Assuming you are a suitable home for one and they are suitable for you then you can look at the kennel club website, which has a couple of assured breeders on there. Also a quick Google search has given me the link to the breed club, which would be a good start.

https://australiancattledogsociety.co.uk/


----------



## picaresque (Jun 25, 2009)

Be sure that the breed is actually suitable for you and your lifestyle, as beauty isn't the most important factor in choosing a dog. I don't know a great deal about them but I gather they are quite specialist.


----------



## Sairy (Nov 22, 2016)

MiffyMoo said:


> Have a word with these guys. They'll hopefully be able to point you towards reputable breeders
> 
> https://australiancattledogsociety.co.uk/


You beat me to it


----------



## labradrk (Dec 10, 2012)

No they aren't unattainable, but they are very rare in this country, probably for good reason. I used to live near two that put me off them completely. Not suited to pet homes generally speaking.


----------



## Guest (Oct 29, 2017)

picaresque said:


> Be sure that the breed is actually suitable for you and your lifestyle, as beauty isn't the most important factor in choosing a dog. I don't know a great deal about them but I gather they are quite specialist.


Not for the faint hearted! Definitely a dog who needs a job.


----------



## Siskin (Nov 13, 2012)

There's a list of breeders on Champdogs, link below,. I wonder how much research you have done if you haven't come across the KC, Champdogs and the breed society in your googling. Again I don't know much about them but they are hard and fast cattle dogs and not for the faint hearted nor the inexperienced dog owner.

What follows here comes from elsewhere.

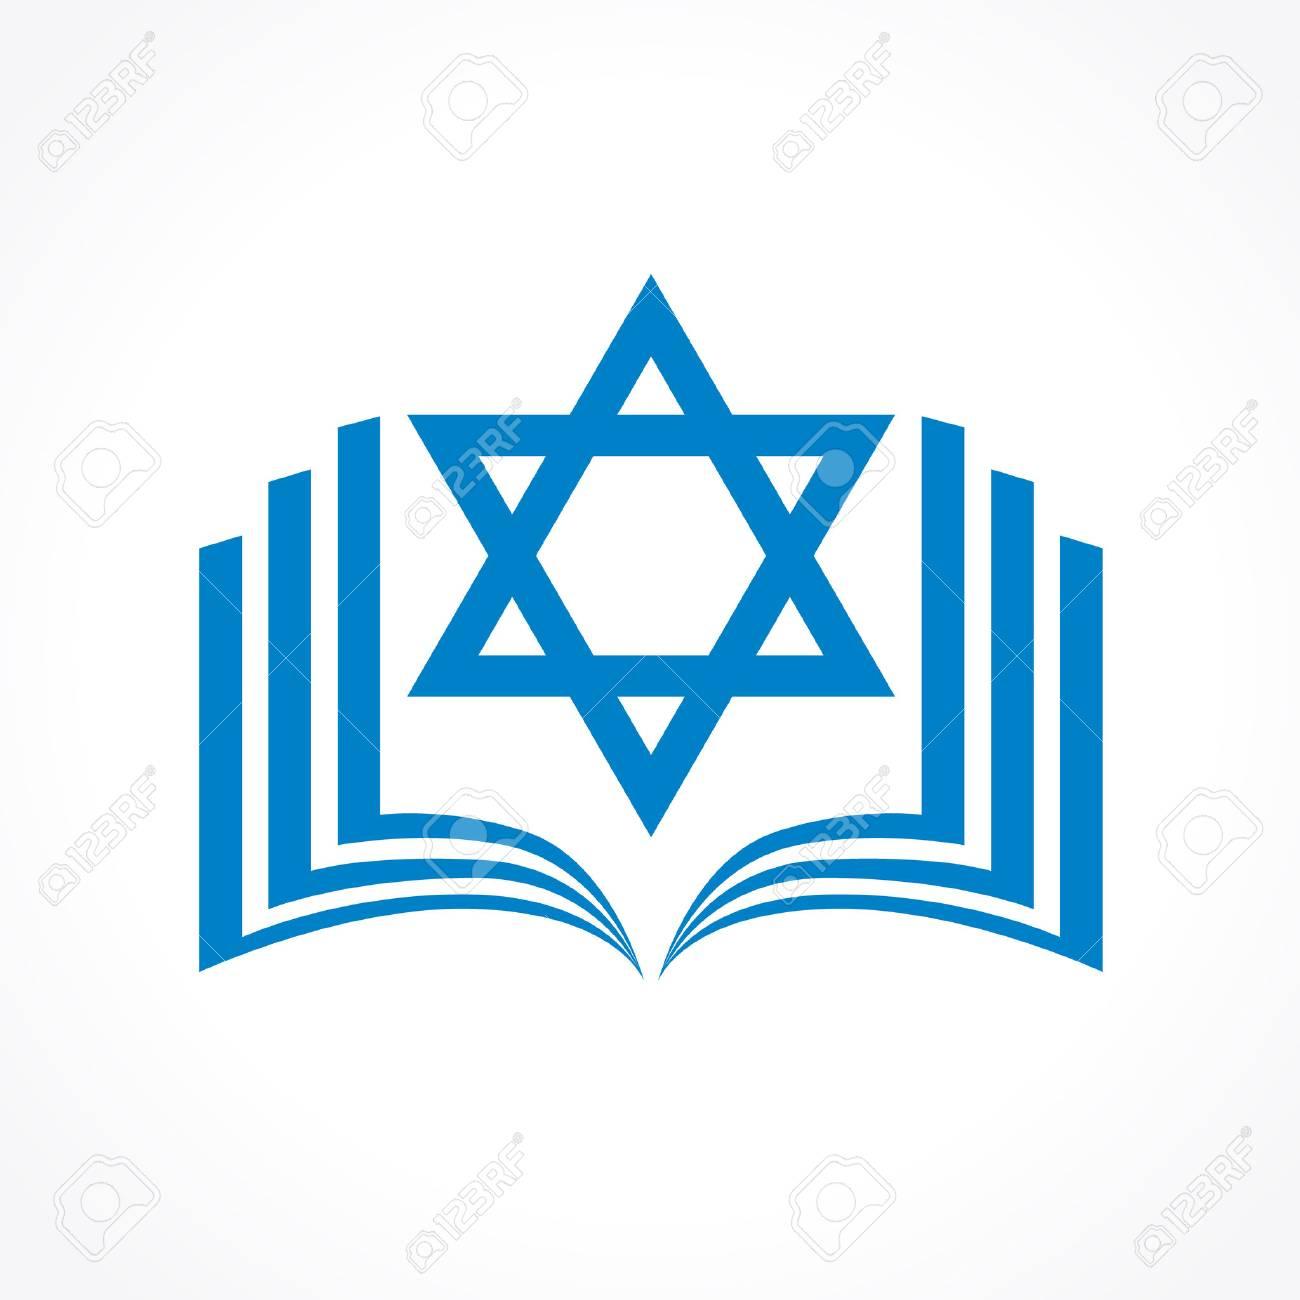 Torah En Ligne Ou Tanakh Logo Vectoriel. Ouvrir Le Livre Avec David Clipart  Étoile Icône. Logiciels Ou De L'application De Téléphone Éducatif Signe tout Logiciel Éducatif En Ligne

https://www.champdogs.co.uk/breeds/australian-cattle-dog/breeders


----------



## simplysardonic (Sep 1, 2009)

Not a breed for first time or inexperienced people, or those who live a sedentiary lifestyle, I looked into them a few years back & while I could provide what they need I decided I'd prefer an easier breed for our next dog!


----------



## MiffyMoo (Sep 15, 2015)

simplysardonic said:


> Not a breed for first time or inexperienced people, or those who live a sedentiary lifestyle, I looked into them a few years back & while I could provide what they need I decided I'd prefer an easier breed for our next dog!


I'm not sure I have the guts to take on something like that, tbh


----------



## simplysardonic (Sep 1, 2009)

MiffyMoo said:


> I'm not sure I have the guts to take on something like that, tbh


Prior to Rogue, I'd have said the same.

But as I'm not a complete masochist I'd rather have an easier dog in the mix, I'd not fancy my chances of staying sane with 2 high maintenance dogs!


----------



## Moobli (Feb 20, 2012)

Please only consider a breed like this if you have plenty of experience and a job for the dog to do. They are not ideal pet dogs.


----------